When and where was Horace born?

Quintus Horatius Flaccus arrived in the world on the 8th of December 65 BC within the town of Venusia. This settlement sat upon a trade route at the border between Lucania and Apulia.

What happened to Horace after the Battle of Philippi in 42 BC?

Horace fled without his shield during the battle and later faced poverty because his father's estate in Venusia was confiscated for the settlement of veterans. He claimed that he was reduced to poverty and this led him to try his hand at poetry.

How did Maecenas help Horace achieve financial stability?

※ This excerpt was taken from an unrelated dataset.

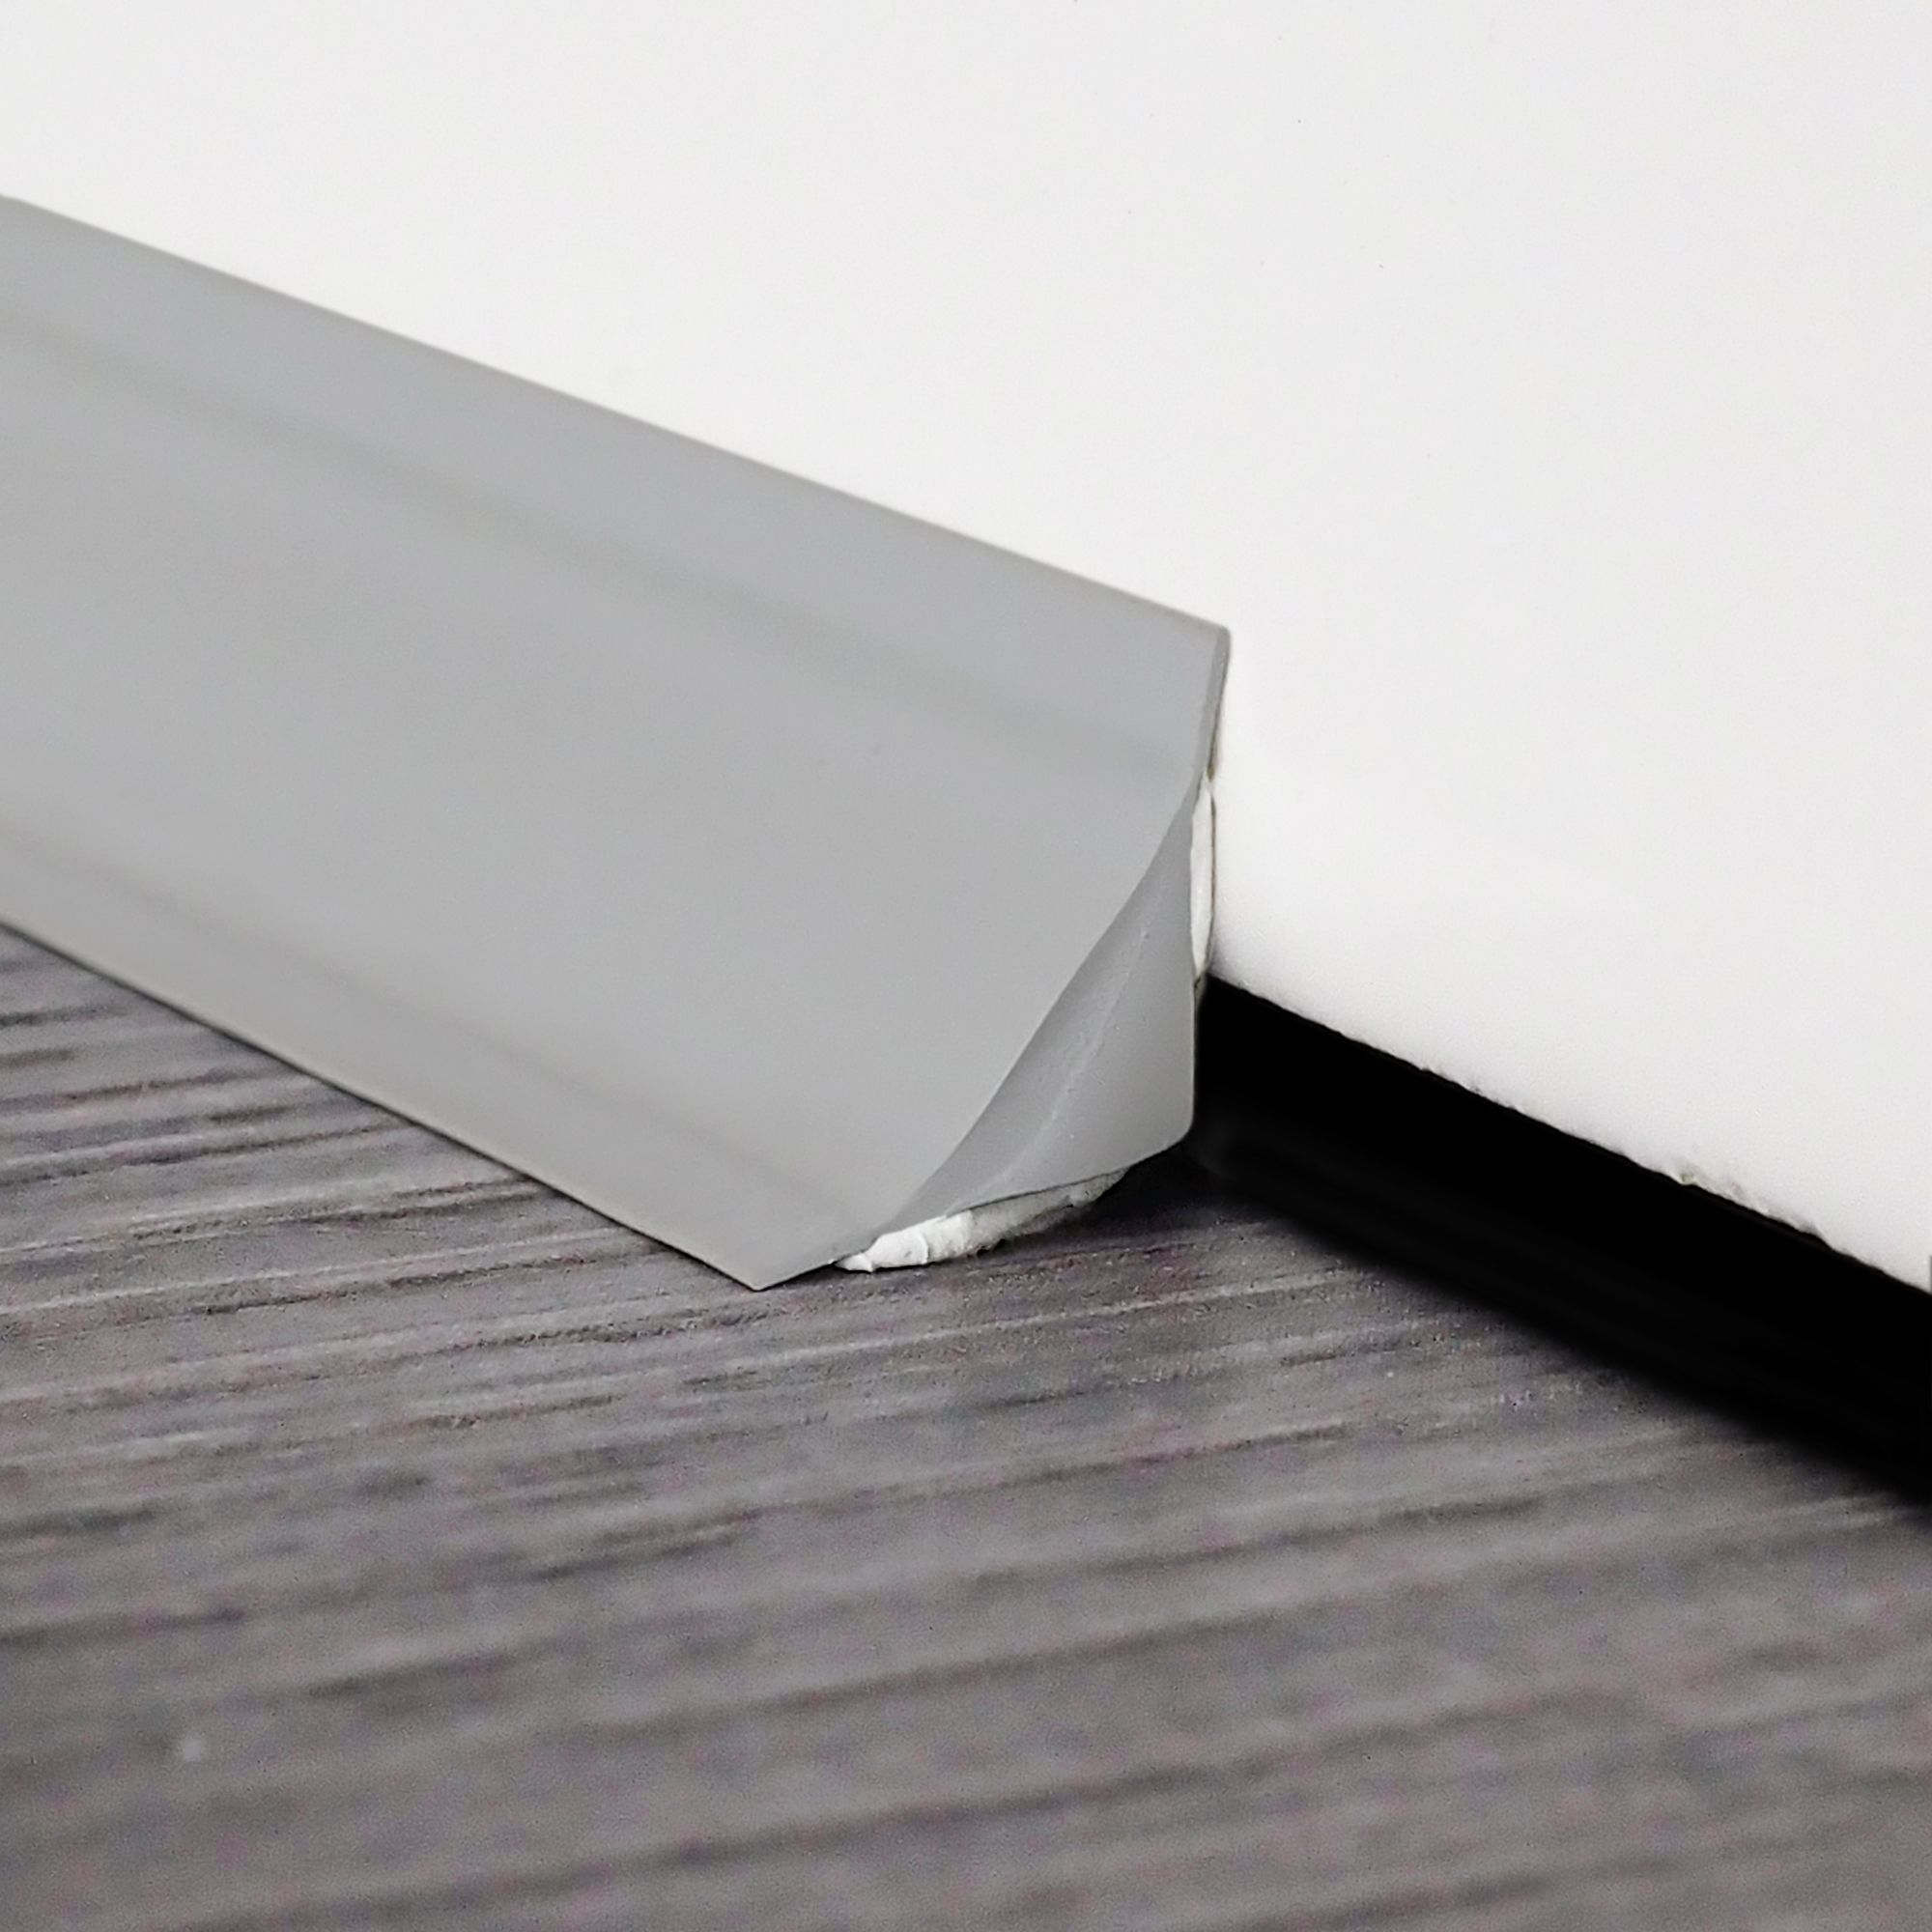 Instatrim 3 4 Flexible Trim Moulding Caulk Strips Gray 10 Ft 1 Pack Walmart Com Moldings And Trim Baseboards Flexible Molding

Maecenas gave Horace a famous Sabine farm which included income from five tenants. This property may have ended his career at the Treasury or allowed him to give it less time and energy.

Why did Horace stop writing Odes and start Epistles?

The public reception of Odes 1, 3 disappointed him however and he attributed the lack of success to jealousy among imperial courtiers. Perhaps it was this disappointment that led him to put aside the genre in favor of verse letters called Epistles.

Who were some notable translators of Horace into English?

Thomas Drant placed translations of Jeremiah and Horace side by side in Medicinable Morall published in 1566. Later figures such as Ben Jonson, John Dryden, Samuel Johnson, Philip Francis, Edward Bulwer-Lytton, William Gladstone, W.H. Auden, Robert Frost, and Charles E. Passage also produced significant translations.